Housing insecurity is the condition of lacking stable, safe, and affordable housing without being entirely homeless. Housing insecurity is associated with worse health outcomes and can be alleviated by increasing the housing supply, for example loosening zoning regulations.

== Definition ==
Housing insecurity is defined as a precariousness regarding one's housing conditions, often including some or all of the following:

- difficulty acquiring and keeping housing tenure
- being required to spend a high percentage of income on housing costs
- living in housing that is unsafe, unsanitary, or lacking in basic necessities
- living in housing that is overcrowded or overcapacity
- living with a domestic abuser, such as an abusive partner, parent, or guardian
- being at risk of involuntary relocation, or being forced to relocate multiple times

== Background ==

=== High rent cost burden ===
United States Department of Housing and Urban Development uses the terms "cost burdened" and "severely cost burdened" to describe individuals or families that spend more than 30% and 50% of their income on housing costs, respectively. According to the 2020 U.S. census, 46% of American renters are cost burdened, with 23% severely cost burdened.

One out of five in the United States who earn less than $25,000 per year have fallen behind on rent.

Research on college students in the United States has found that housing insecurity has become increasingly common due to rising housing and living costs near universities. A 2020 study reported that more than 45% of college students experience some form of housing insecurity, including difficulty paying rent, overcrowding, or temporary homelessness.

Evidence from multiple fields of harmful effects from housing affordability constraints on parents’ mental health, children's cognitive functioning, and on child misbehaviour.

=== Low-quality and unsafe housing ===
Landlords may also fail housing quality standards inspections by neglecting to repair and maintain their property as required.

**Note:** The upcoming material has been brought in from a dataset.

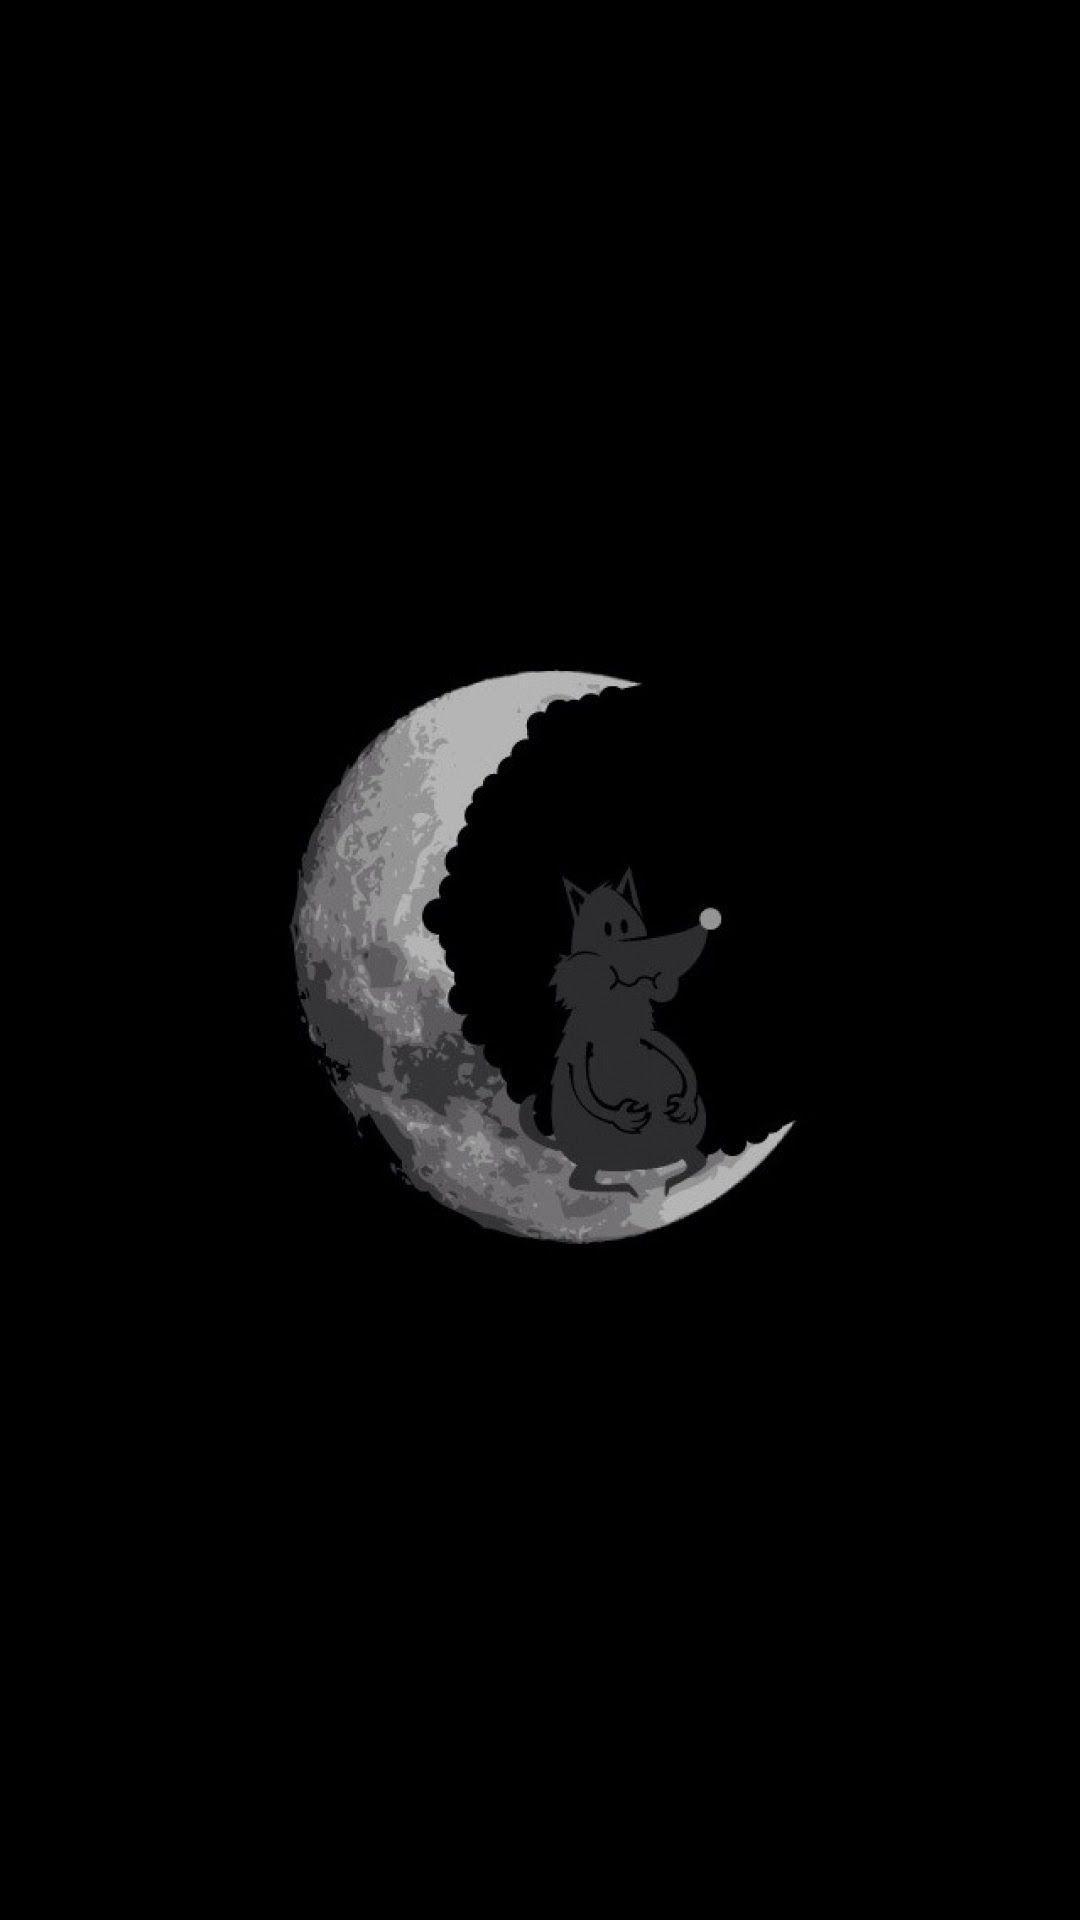 Moon Cartoon Wallpapers Top Free Moon Cartoon Backgrounds Wallpaperaccess

An estimated 15% of rental units in the United States (over five million) have significant quality and safety issues (such as crumbling walls and vermin infestation) or lacked residential essentials, like heating equipment or running water. Consistent exposure to unsafe housing (e.g. dampness, poor ventilation, and unhygienic conditions) can lead to an increase in mold and other allergens that develop and aggravate respiratory diseases like asthma, the most common chronic health problem among children Broader hazard issues such as fire-risks and unsafe structures, can lead to fires or collapses causing injuries, and render a housing unit uninhabitable or condemned.

Despite lead paint having been banned in the United States in the 1970s, lead paint is still present in some houses and lead poisoning (which has negative effects on children's cognitive development and executive function) is a particularly prevalent issue in low-income, majority-minority neighborhoods.

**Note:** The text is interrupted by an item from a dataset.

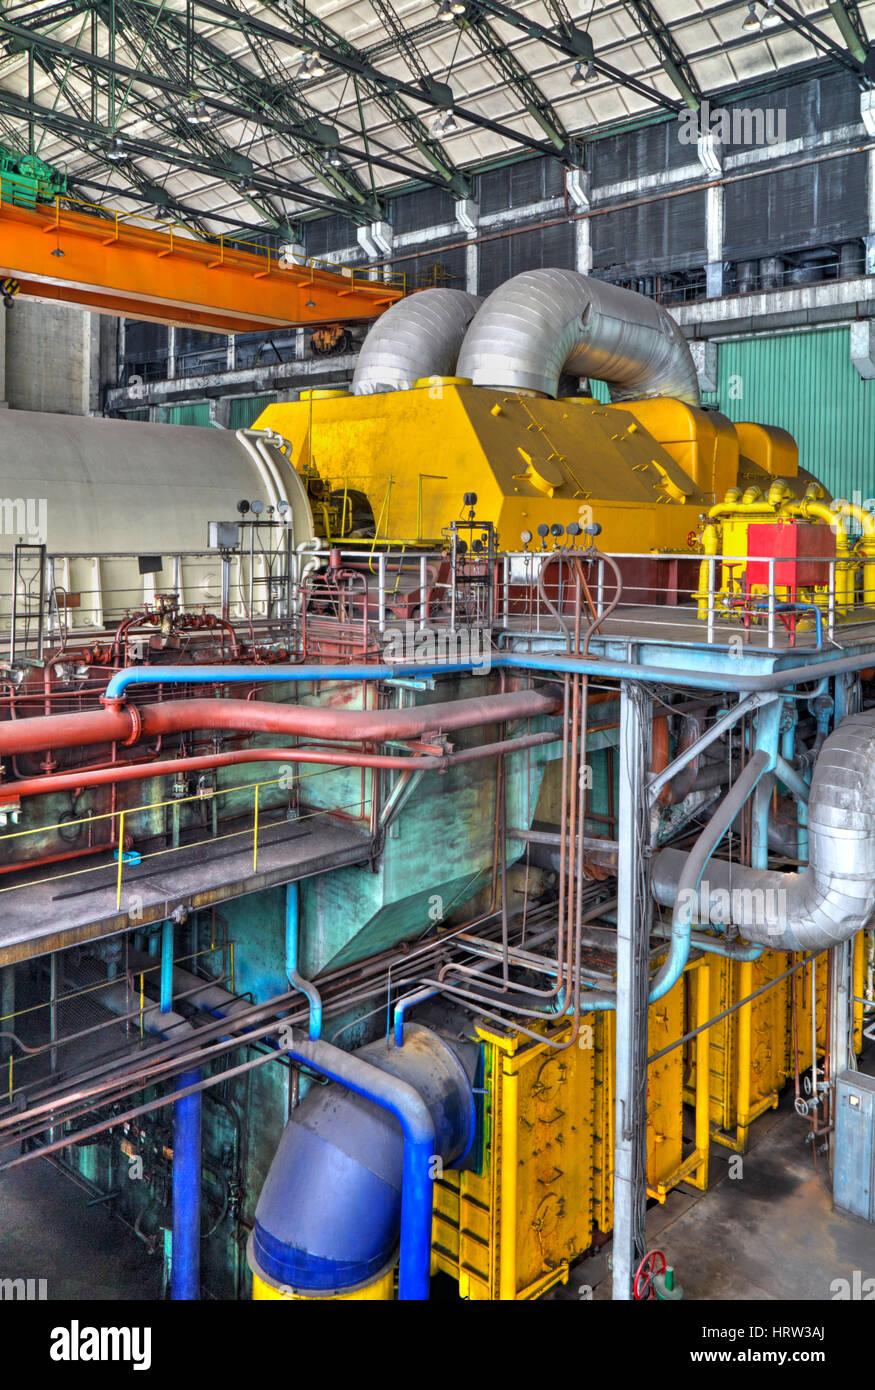 electric generator power plant. Machine Room In Thermal Power Plant With Electric Generators And Turbines Generator E

Over-crowded housing can affect sleep, privacy, and adequate study space, as well as increasing risk of infection.

=== Discrimination ===

==== By financial credit ====

In the United States it's common for landlords to discriminate according to potential renters by their credit score. People with poor or no credit are much more likely to get rejected when applying for a property.Landlords who don't discriminate based on credit score often rent out poorer quality houses.This issue is compounded by other forms of discrimination as marginalised people are more likely to suffer low credit.Additionally eviction can lead to a lower credit rating, thus risking a negative feedback loop.

=== Covid-19 pandemic ===

In the United Kingdom, the COVID-19 pandemic exaserbated housing insecurity due to increased financial pressures due to employment precarity, reduction in informal accommodation due to isolation, and increased overcrowding issues. During the pandemic, there was a temporary ban on bailiff-enforced evictions, while housing rights organisations lobbied for more prolonged efforts in helping people with overdue rent. The Joseph Rowntree Foundation (JRF), warned of two-tier economic recovery from pandemic in which renters would be more at risk of long-term housing insecurity compared to homeowners. JRF also found that ethnic minorities, and low-income, and households with children have been most affected by pandemic debt and rent arrears.

In the United States, the country's Federal government, as well as some US States enacted temporary bans on eviction during the pandemic.

=== Domestic abuse ===
Victims of domestic abuse are at an increased risk of housing insecurity. Likewise, those who have attempted to flee abuse situations are at increased risk of having to return to an abusive household due to housing insecurity.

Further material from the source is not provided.